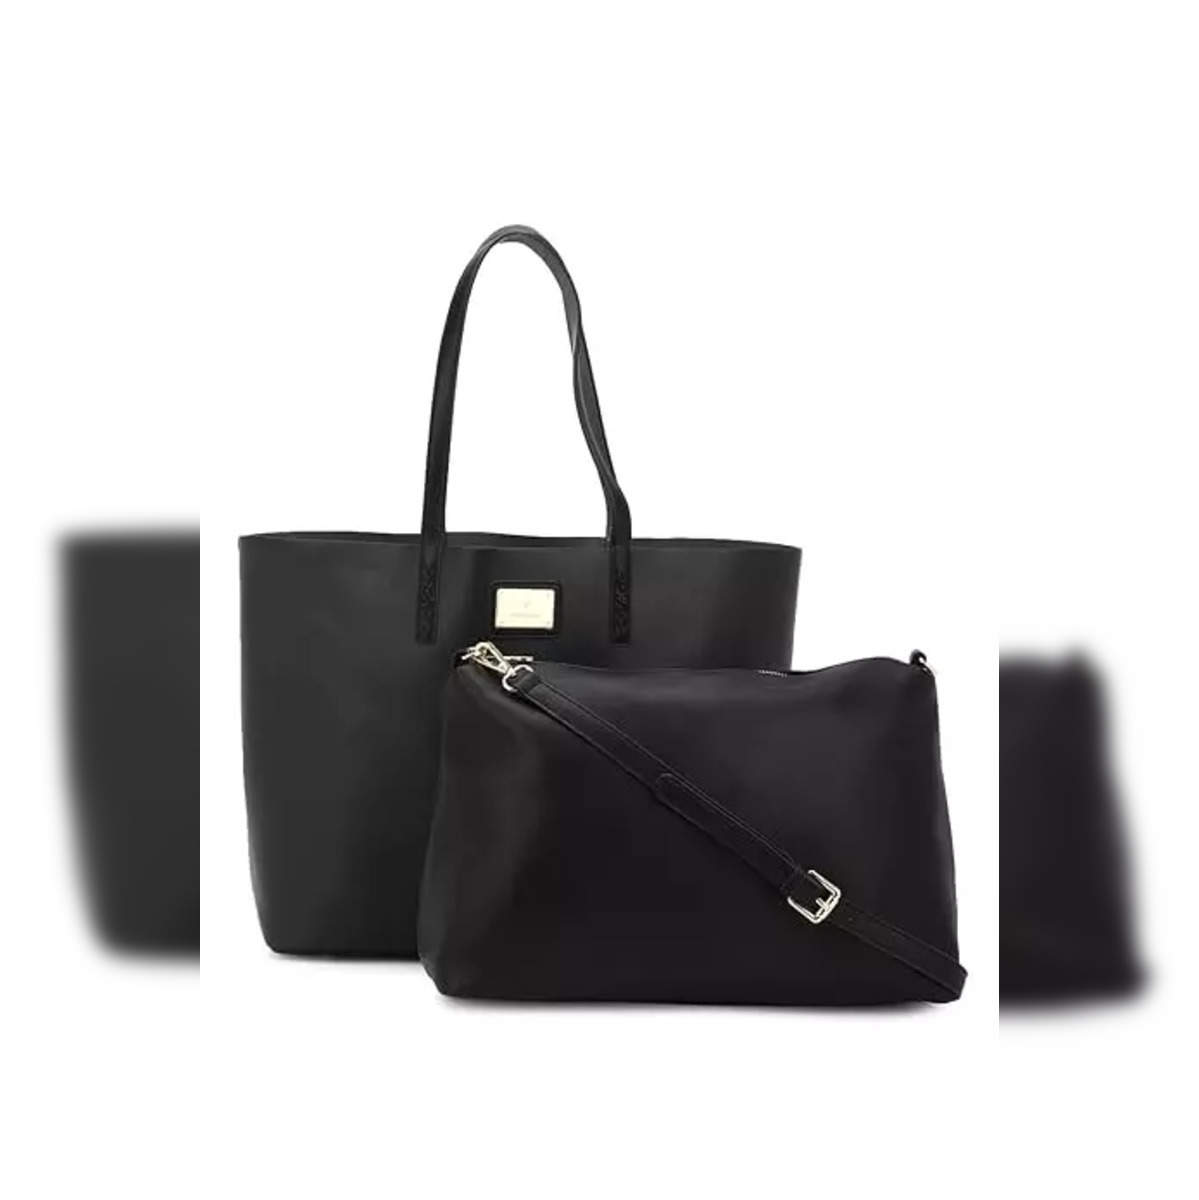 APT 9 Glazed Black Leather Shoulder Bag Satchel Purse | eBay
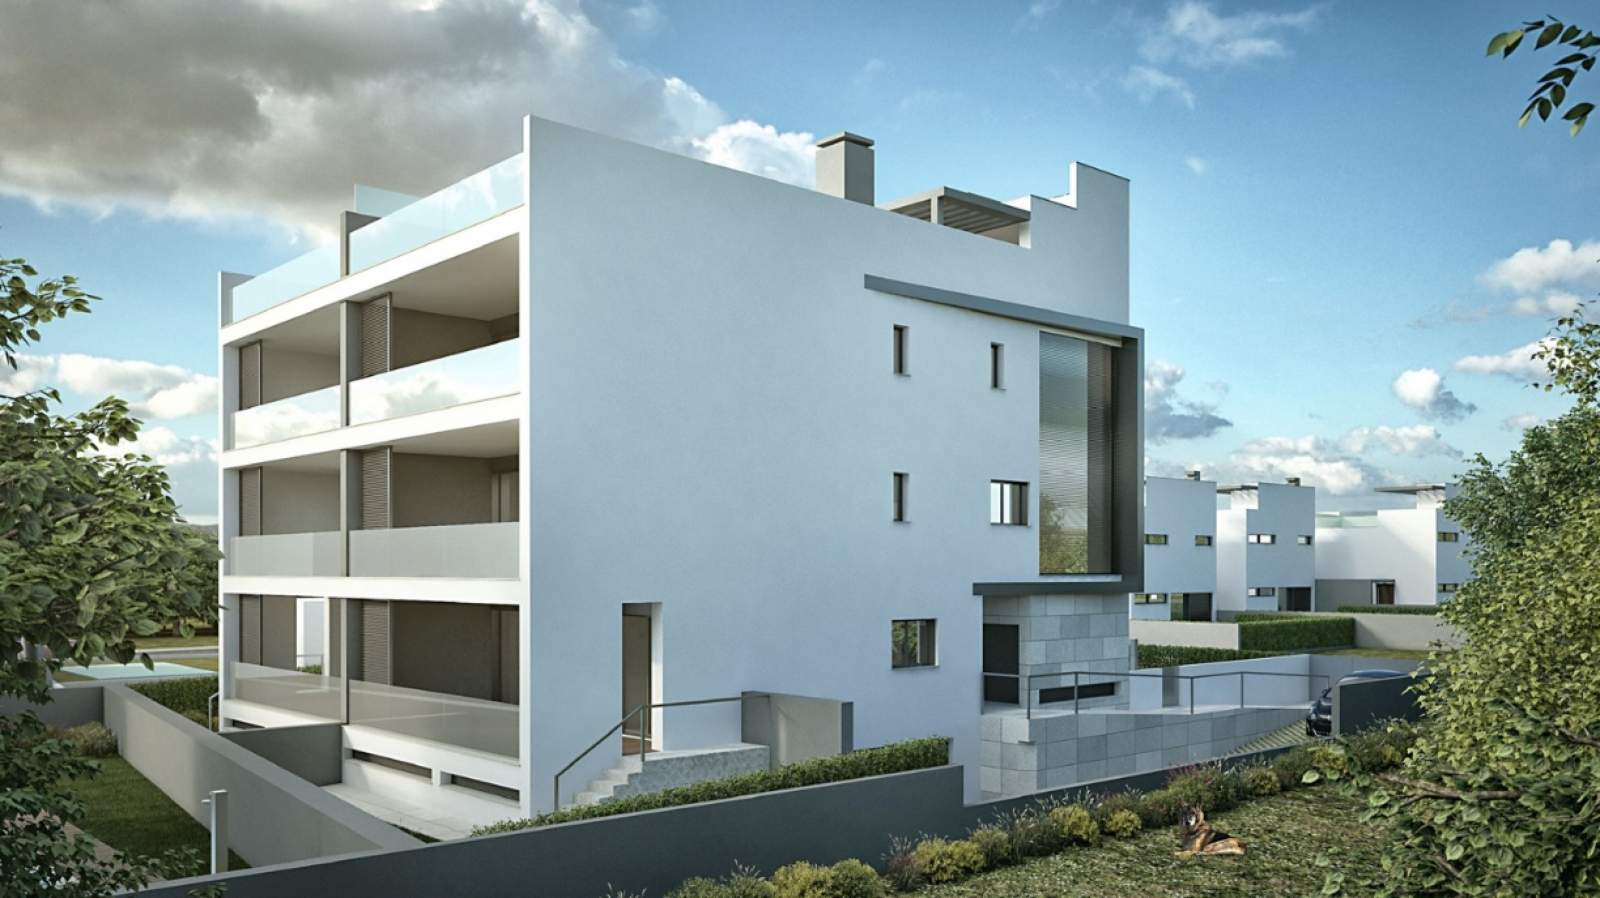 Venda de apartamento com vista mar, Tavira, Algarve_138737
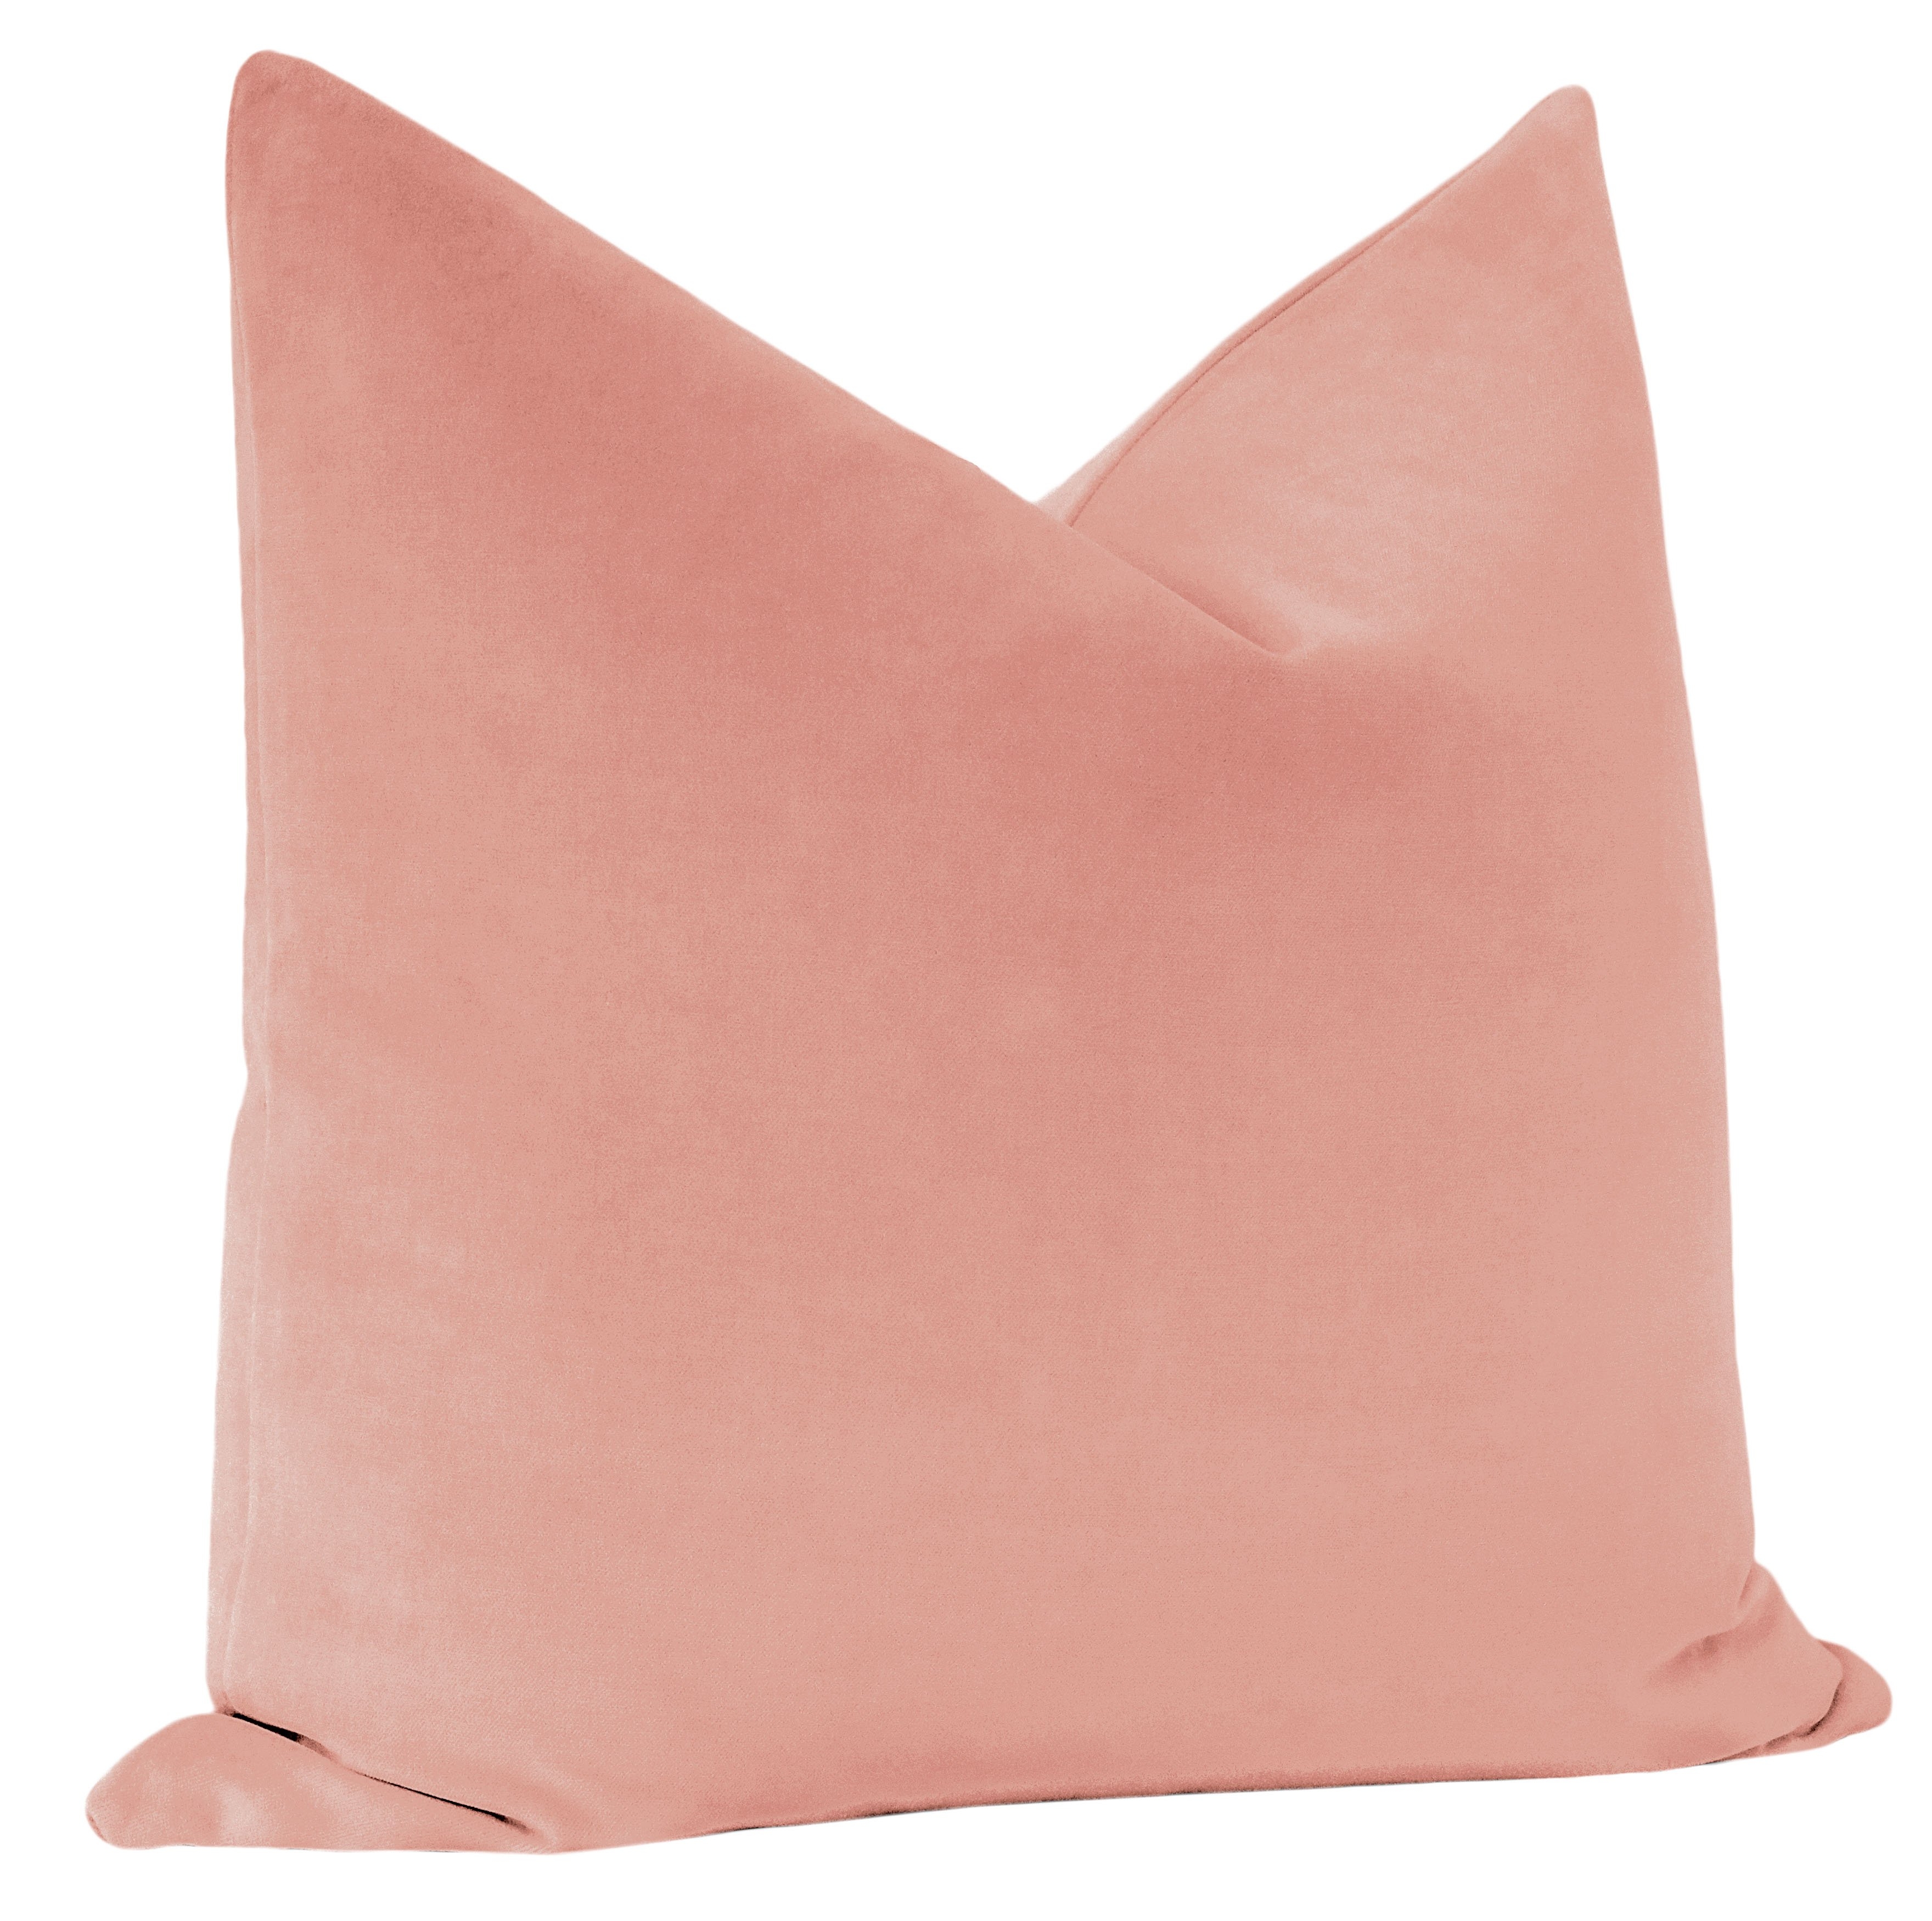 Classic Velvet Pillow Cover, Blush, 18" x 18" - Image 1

* _To do_
Leaving every picture out, output the data exactly as it stands.

* _Solution for this exercise_
 APT 9 Glazed Black Leather Shoulder Bag Satchel Purse | eBay
 Venda de apartamento com vista mar, Tavira, Algarve_138737
 Classic Velvet Pillow Cover, Blush, 18" x 18" - Image 1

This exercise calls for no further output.